Although it’s well-meaning to take an aspirin or ibuprofen at the onset of headache symptoms, it may not be the best course of action, according to the American Migraine Foundation. With headaches, misuse or overuse of common OTC pain relief actually may result in more headaches. Healthcare providers deem these drug-induced headaches “rebound headaches” or medication overuse headaches.

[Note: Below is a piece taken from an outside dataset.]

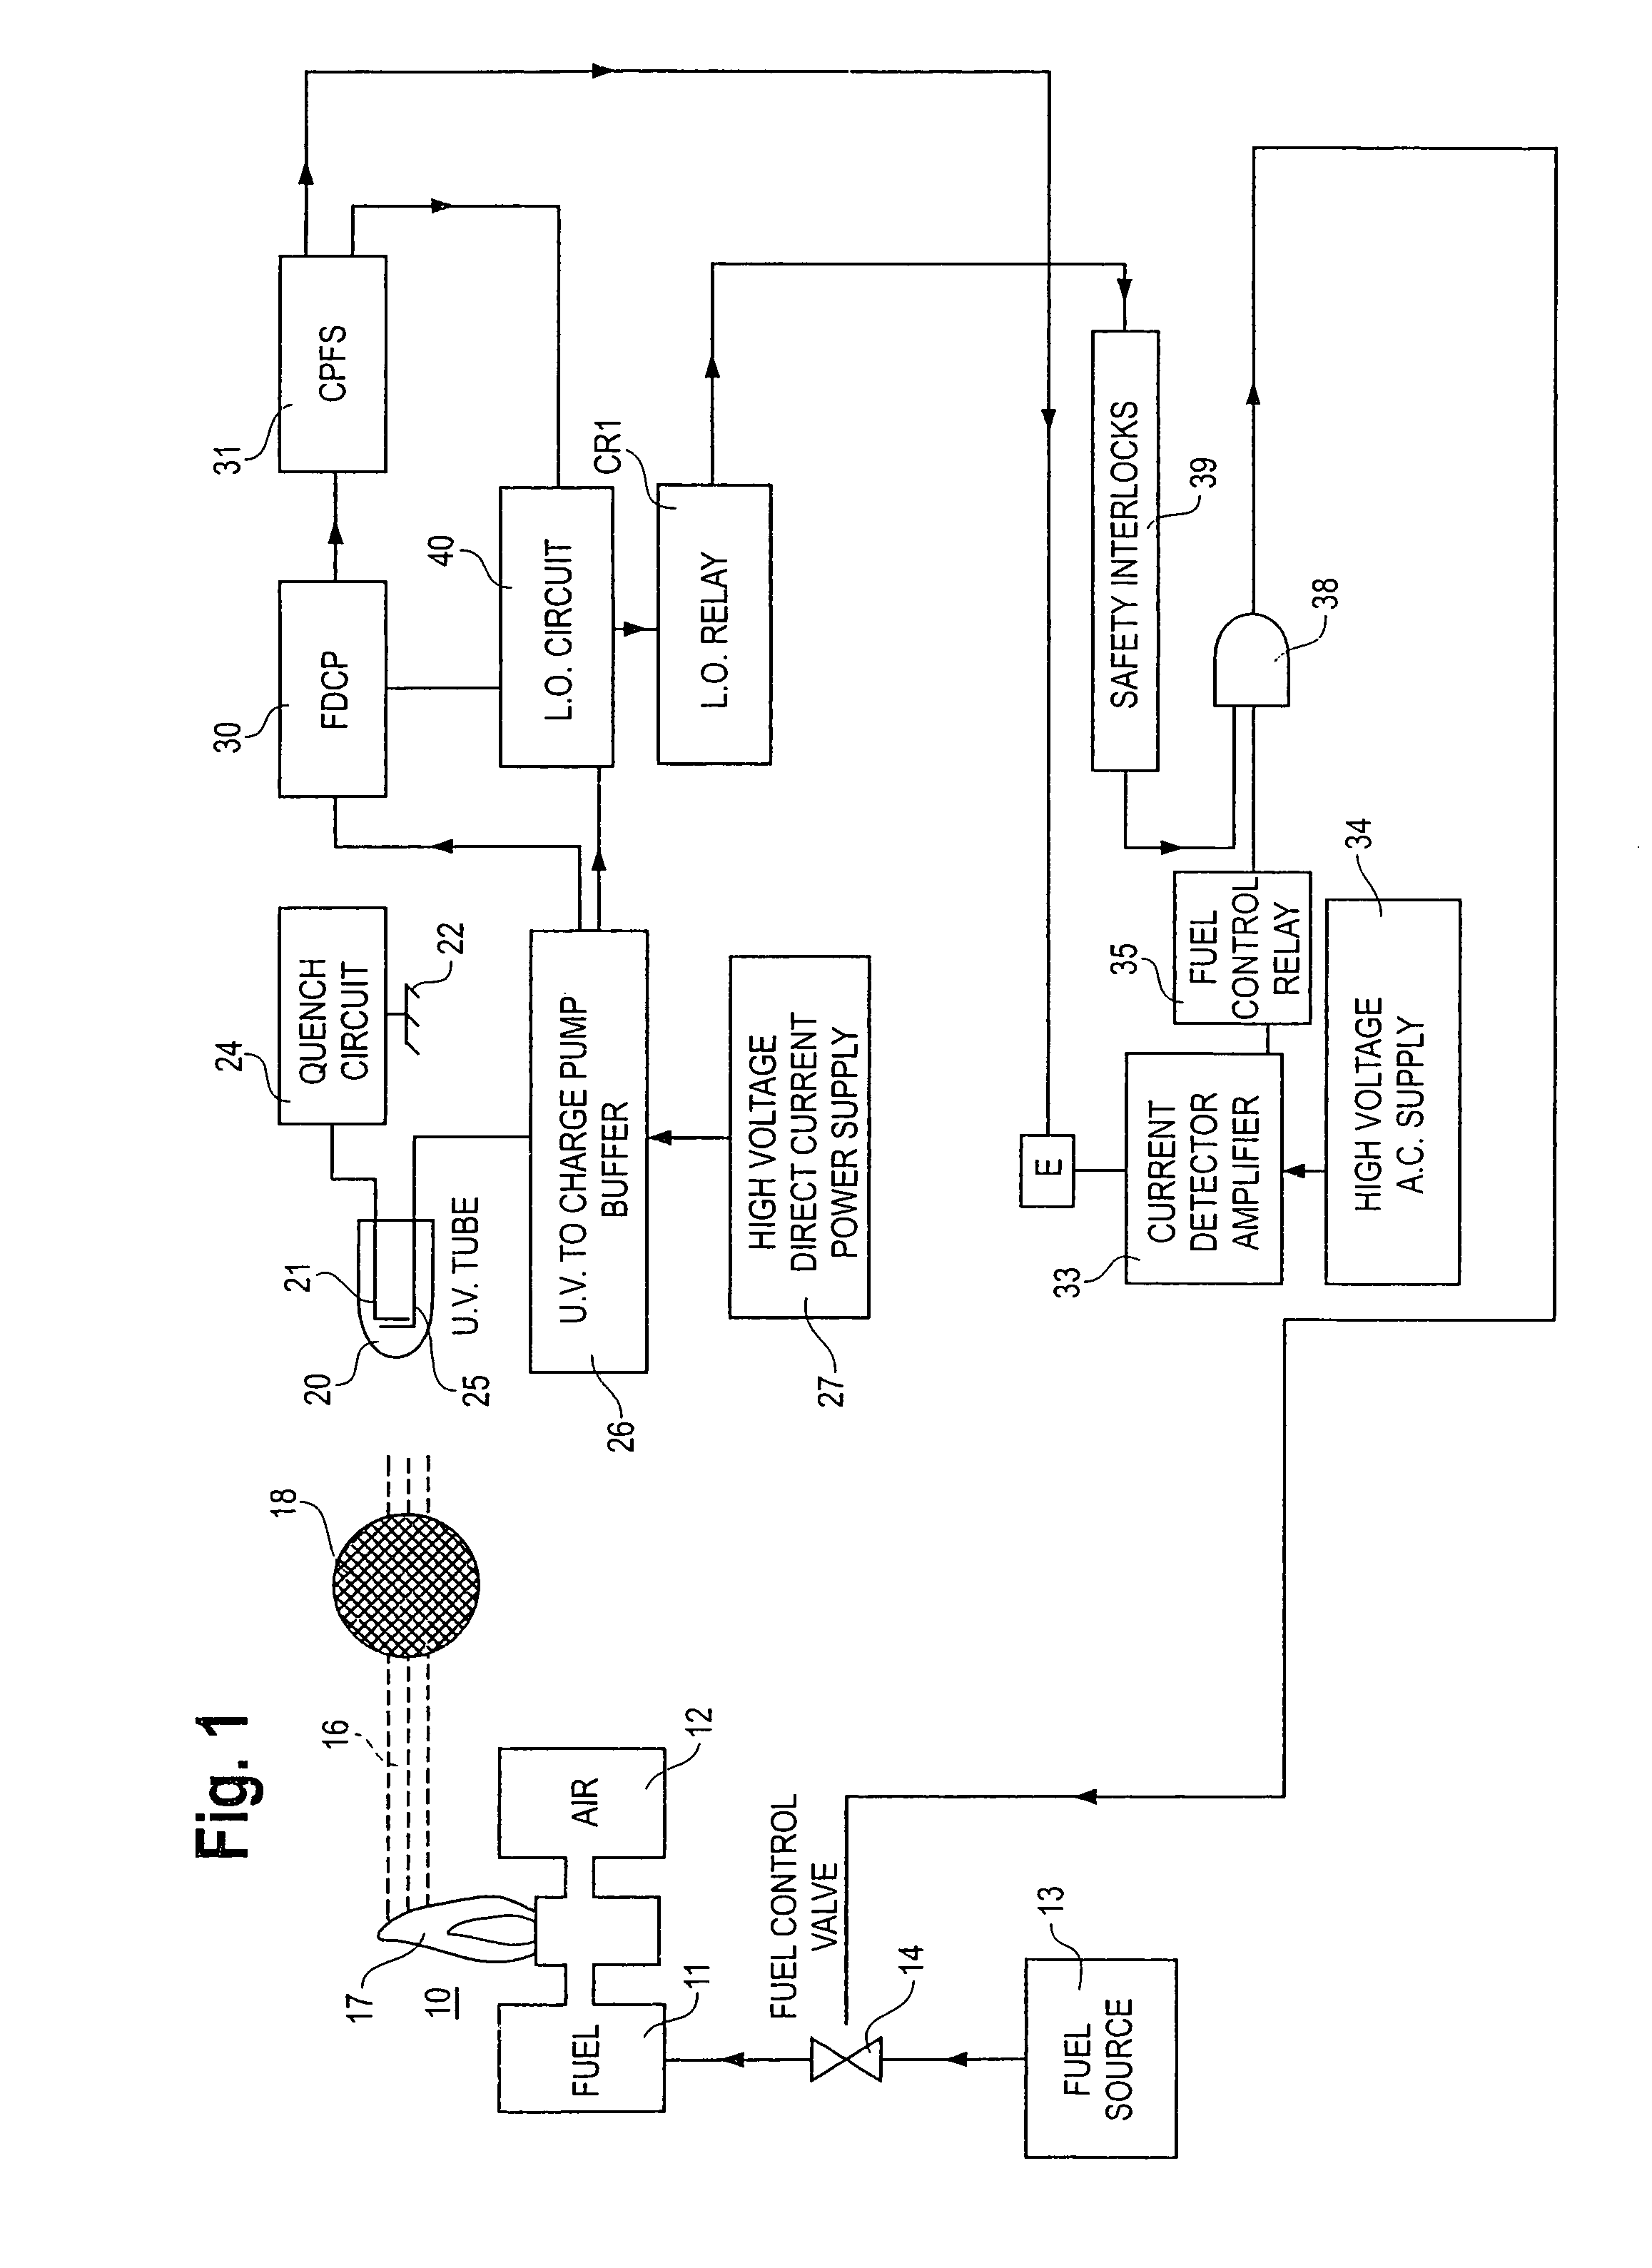 Flame detector, method and fuel valve control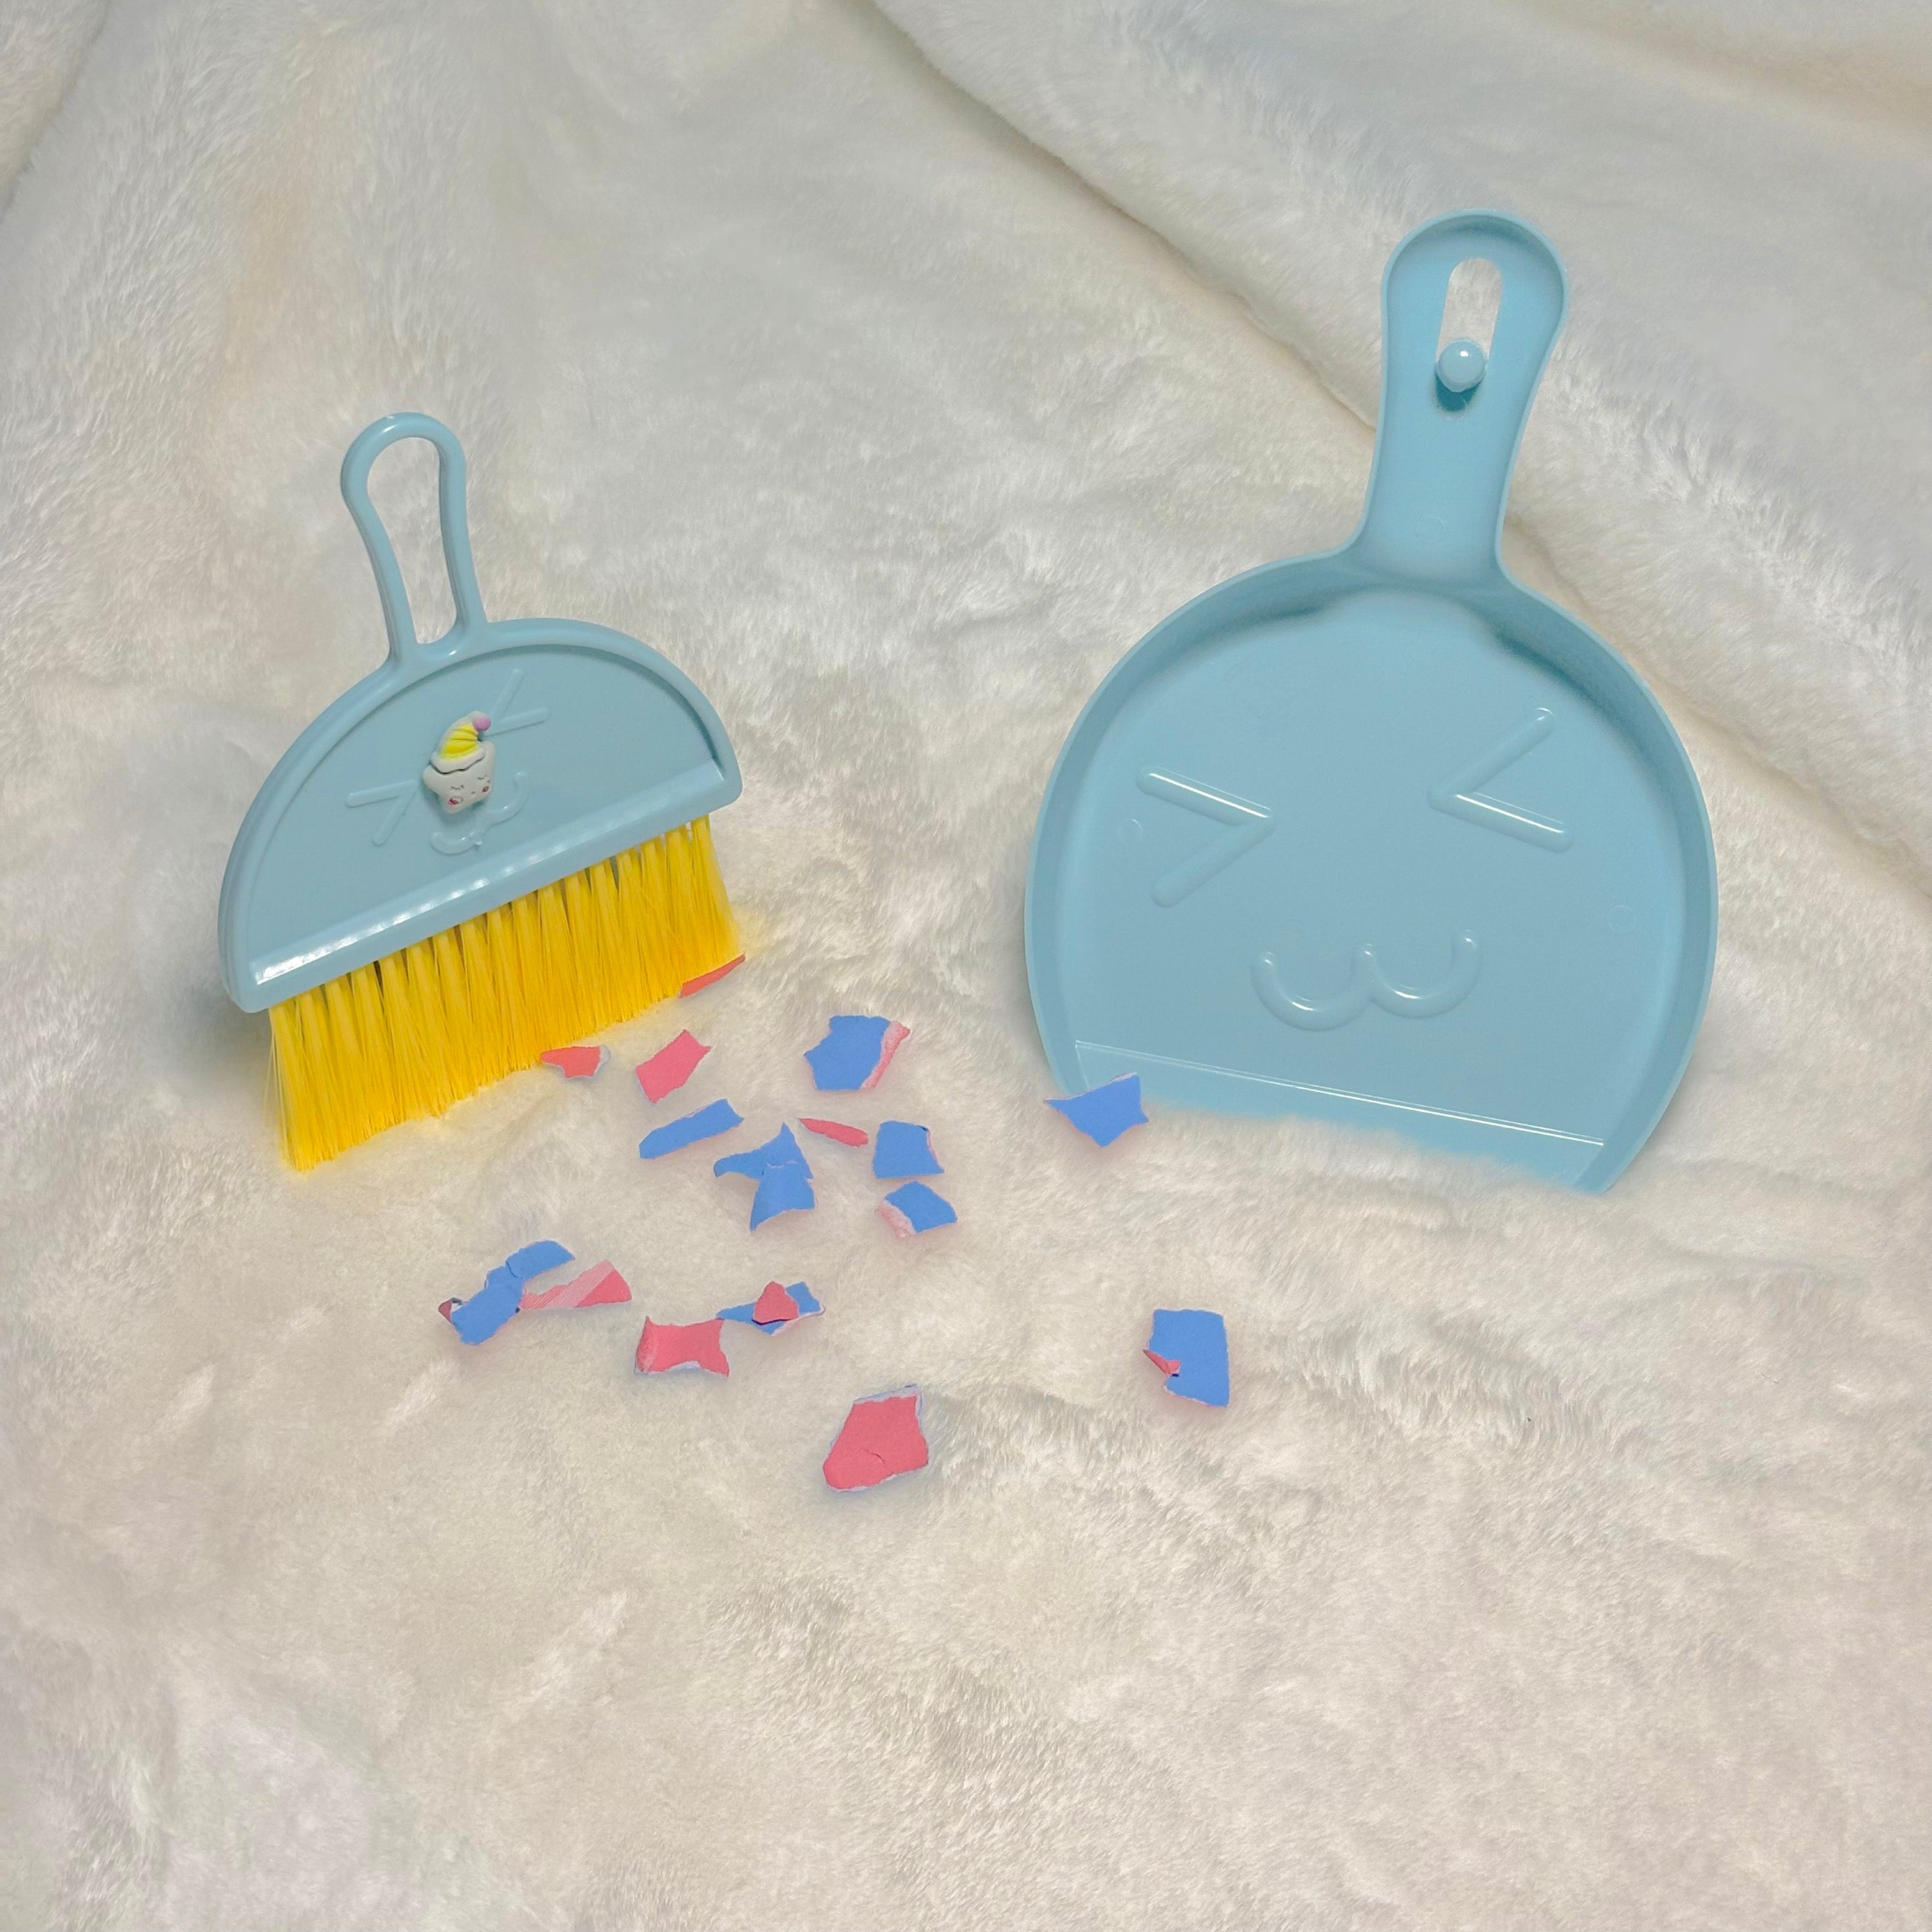 Cleaning sets for babies - B4brain

Why does this occur? Because the brain learns and develops habits through repetition. And, OTC pain relief medication temporarily alters how the brain detects pain. Thus, the American Migraine Foundation claims frequent use of OTC meds could lower your pain tolerance by reinforcing the neuronal pathways that process pain.
The risk for rebound headaches is greater when the recommended daily dosages are exceeded, or when the medication is used for more than 10 to 15 days a month, the American Migraine Foundation says.